■ Exercise data ■

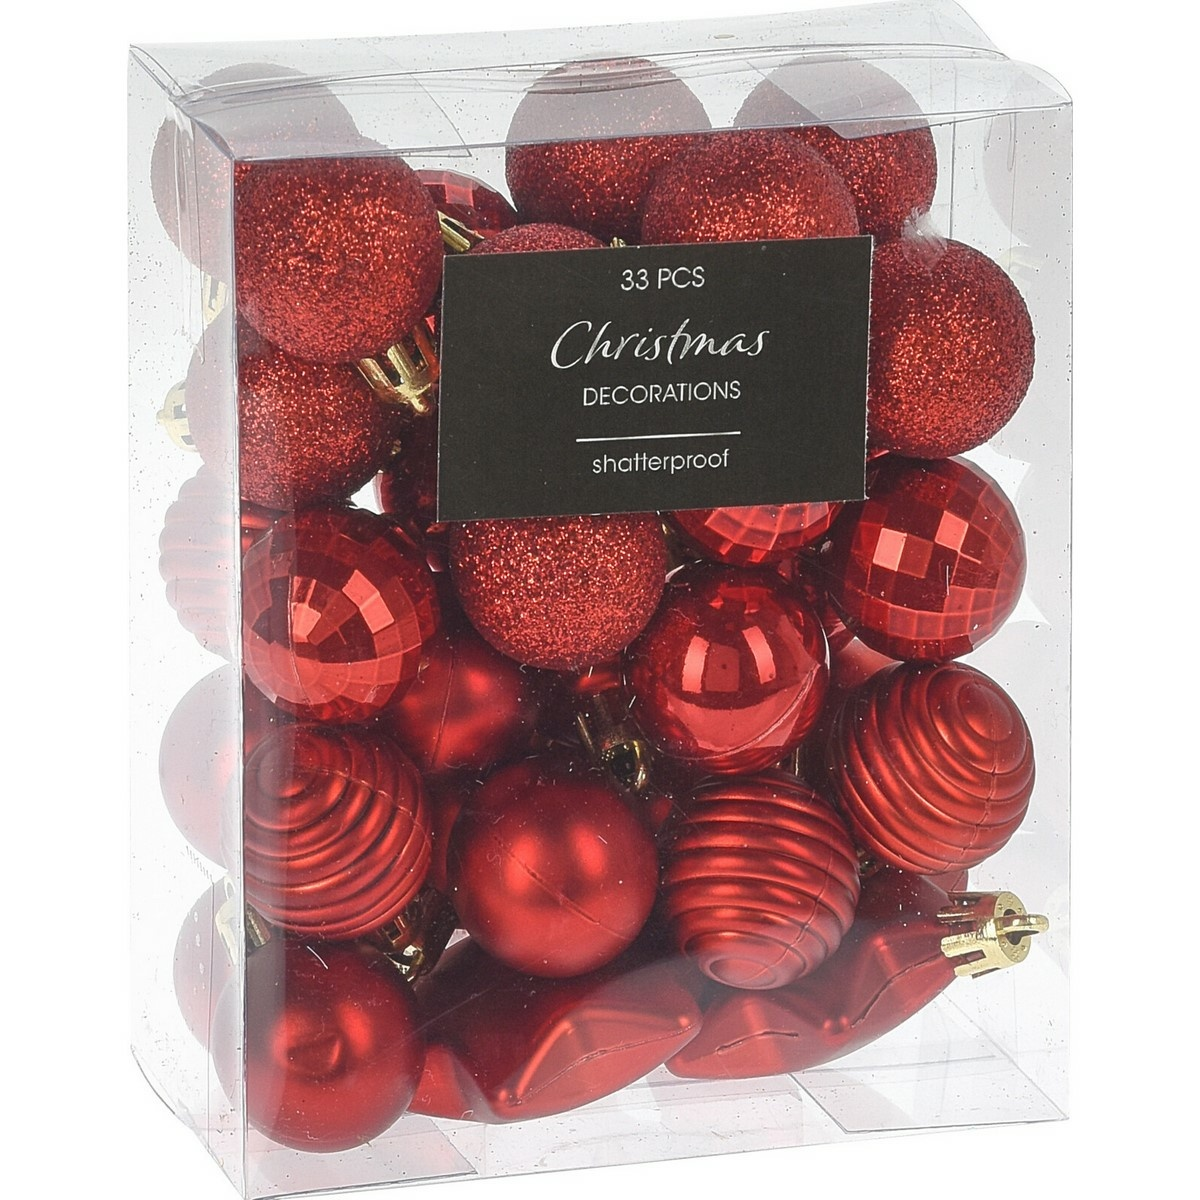 Sada vánočních ozdob Balestrate 33 ks, červená
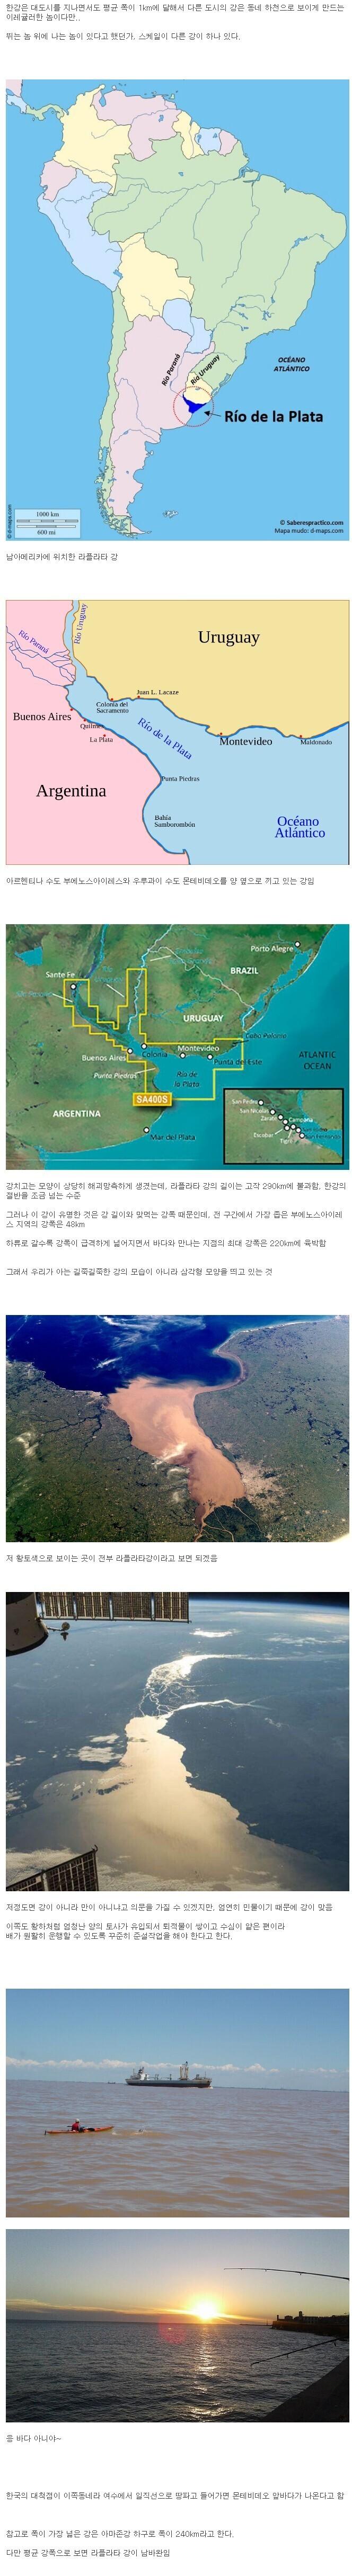 강 폭이 한강의 50배가 넘는 강 - 꾸르
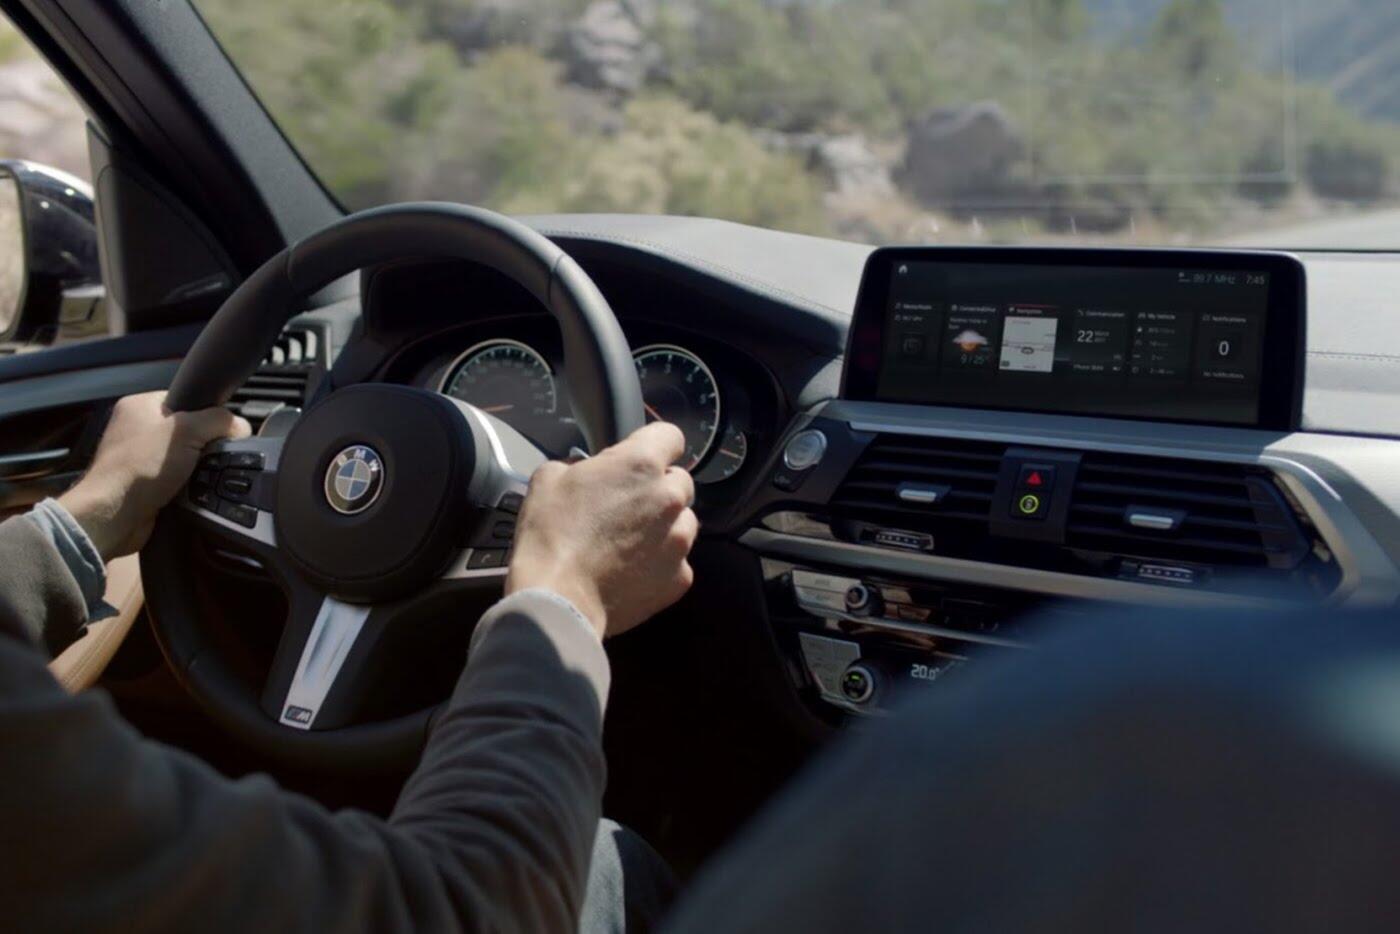 BMW X3 2018 hé lộ những hình ảnh chính thức đầu tiên - Hình 8
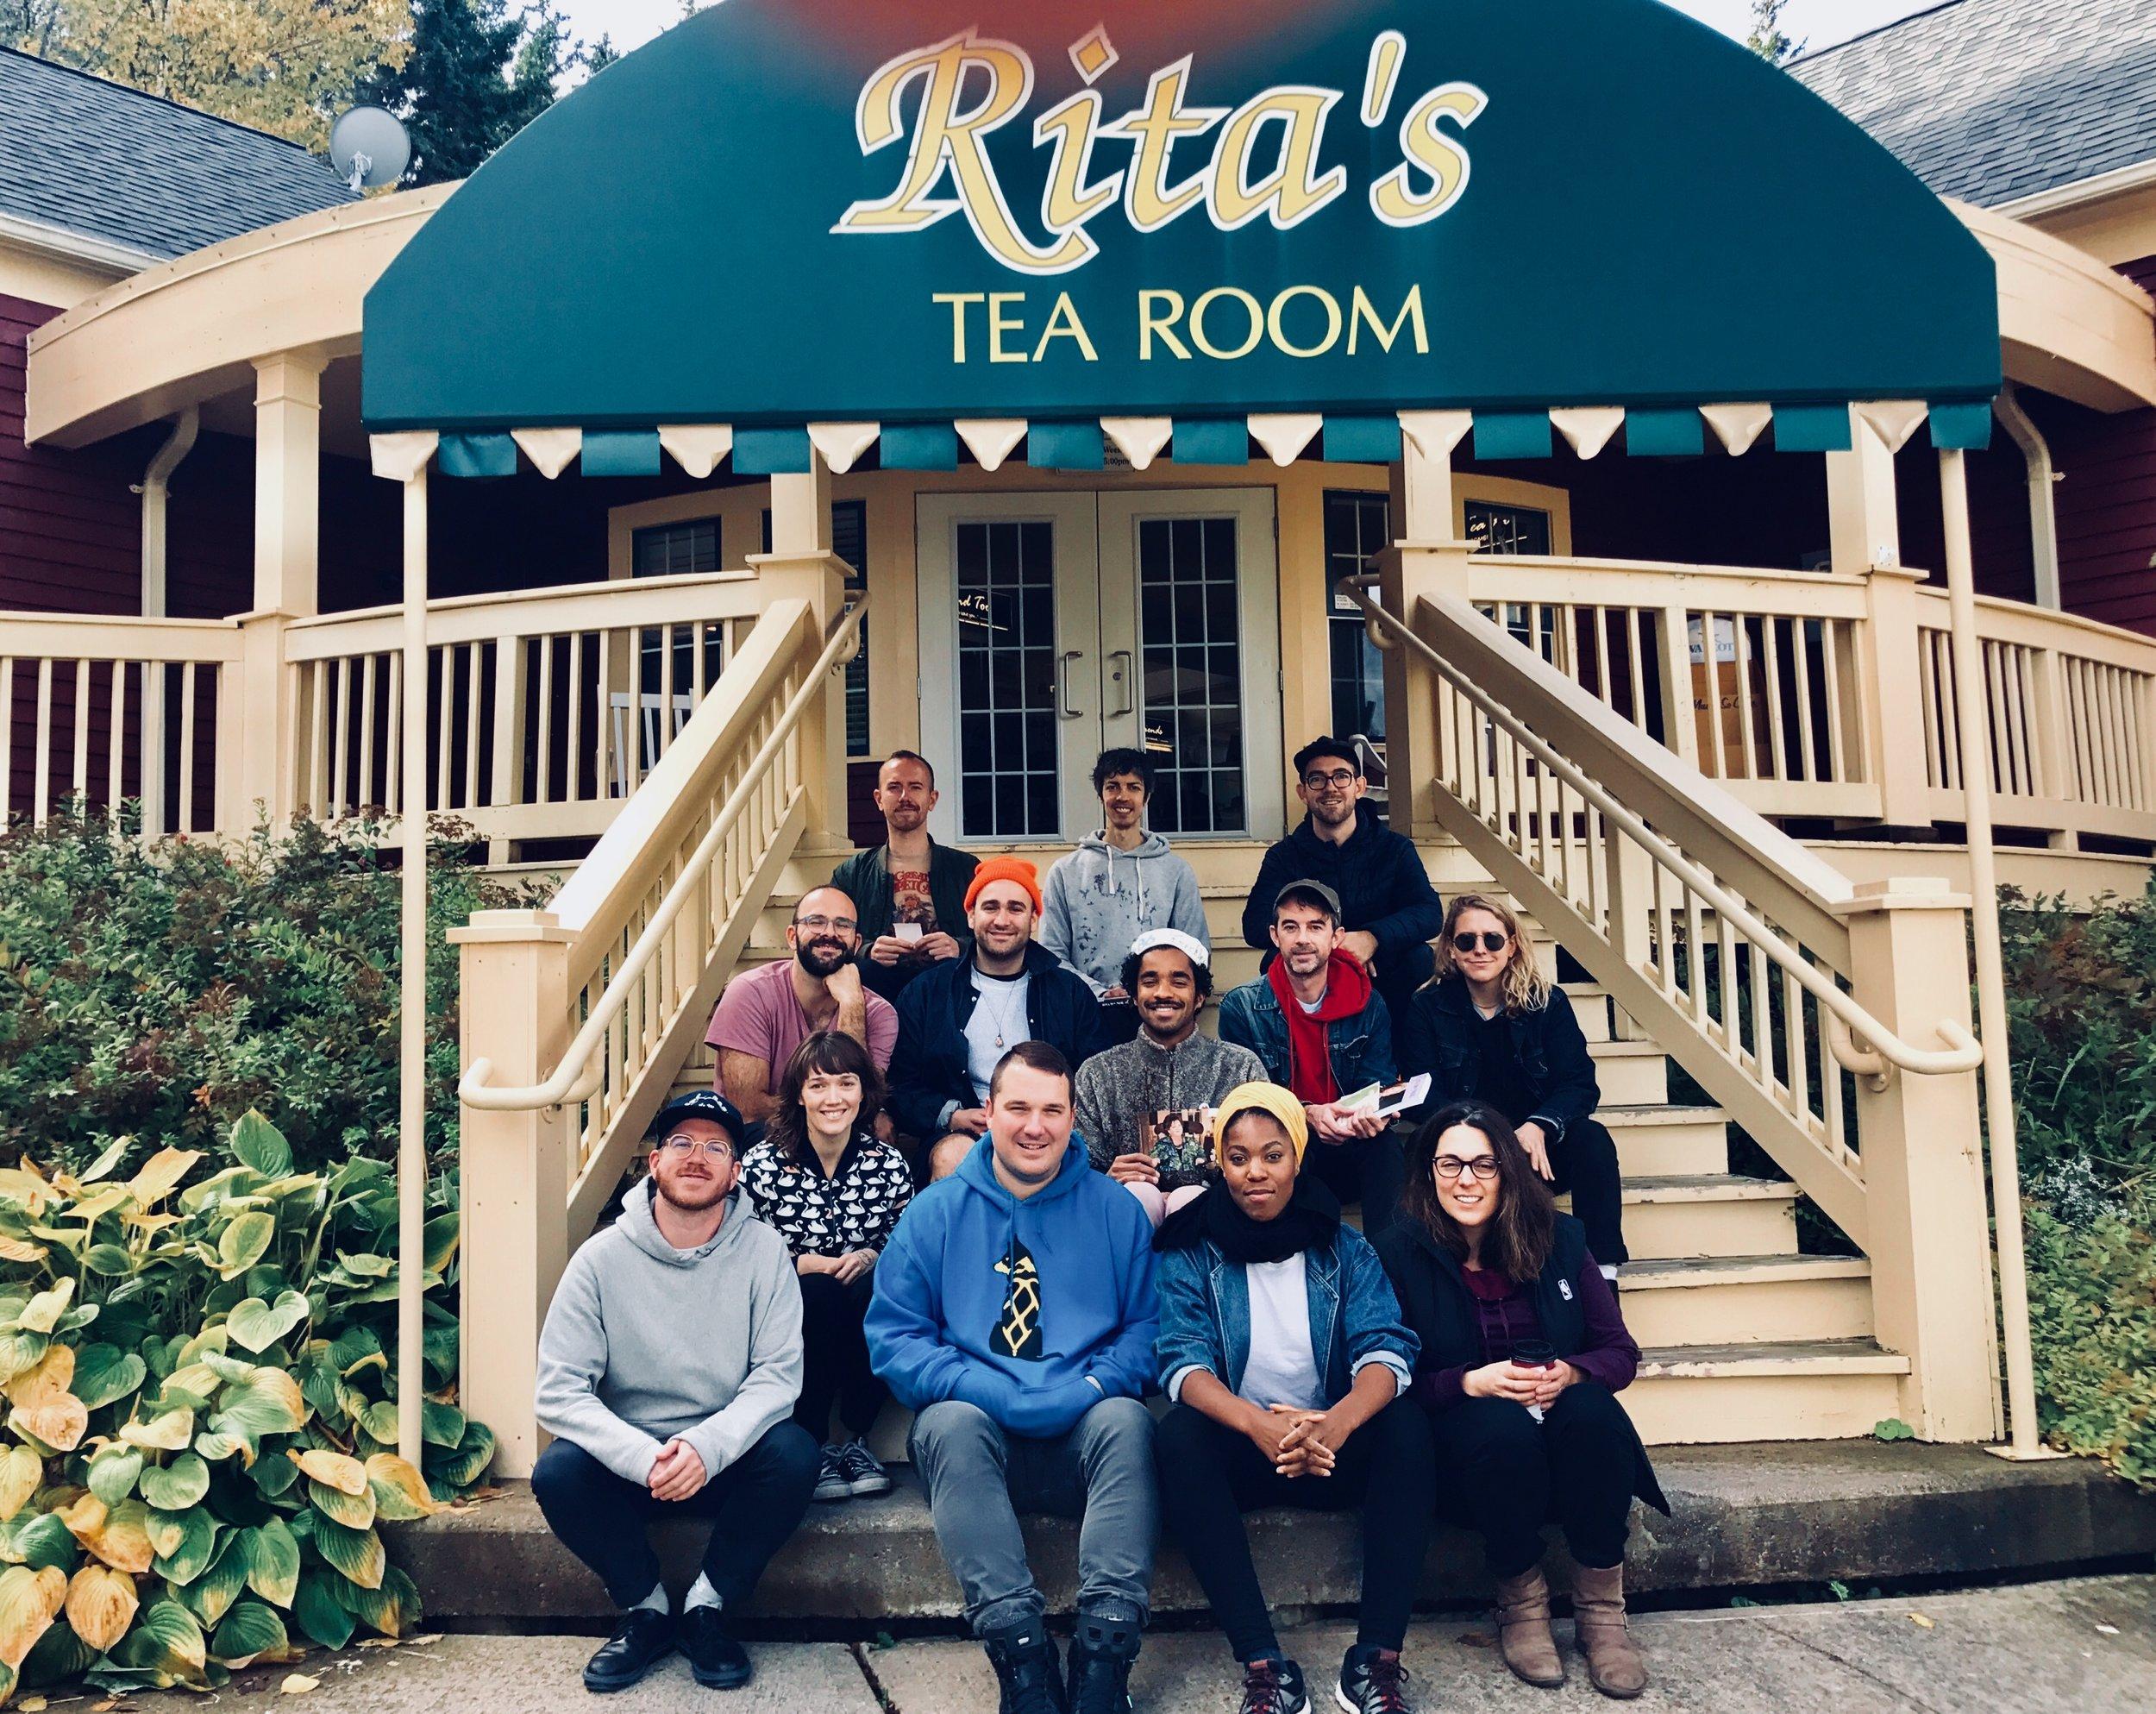 Rita's Tea Room, Big Pond Centre, Cape Breton, Nova Scotia. October 13, 2018.

■ Problem ■
Set down each line of the material exactly and skip every image.

■ Solved exercise ■
 Sada vánočních ozdob Balestrate 33 ks, červená
 강 폭이 한강의 50배가 넘는 강 - 꾸르
 BMW X3 2018 hé lộ những hình ảnh chính thức đầu tiên - Hình 8
 Rita's Tea Room, Big Pond Centre, Cape Breton, Nova Scotia. October 13, 2018.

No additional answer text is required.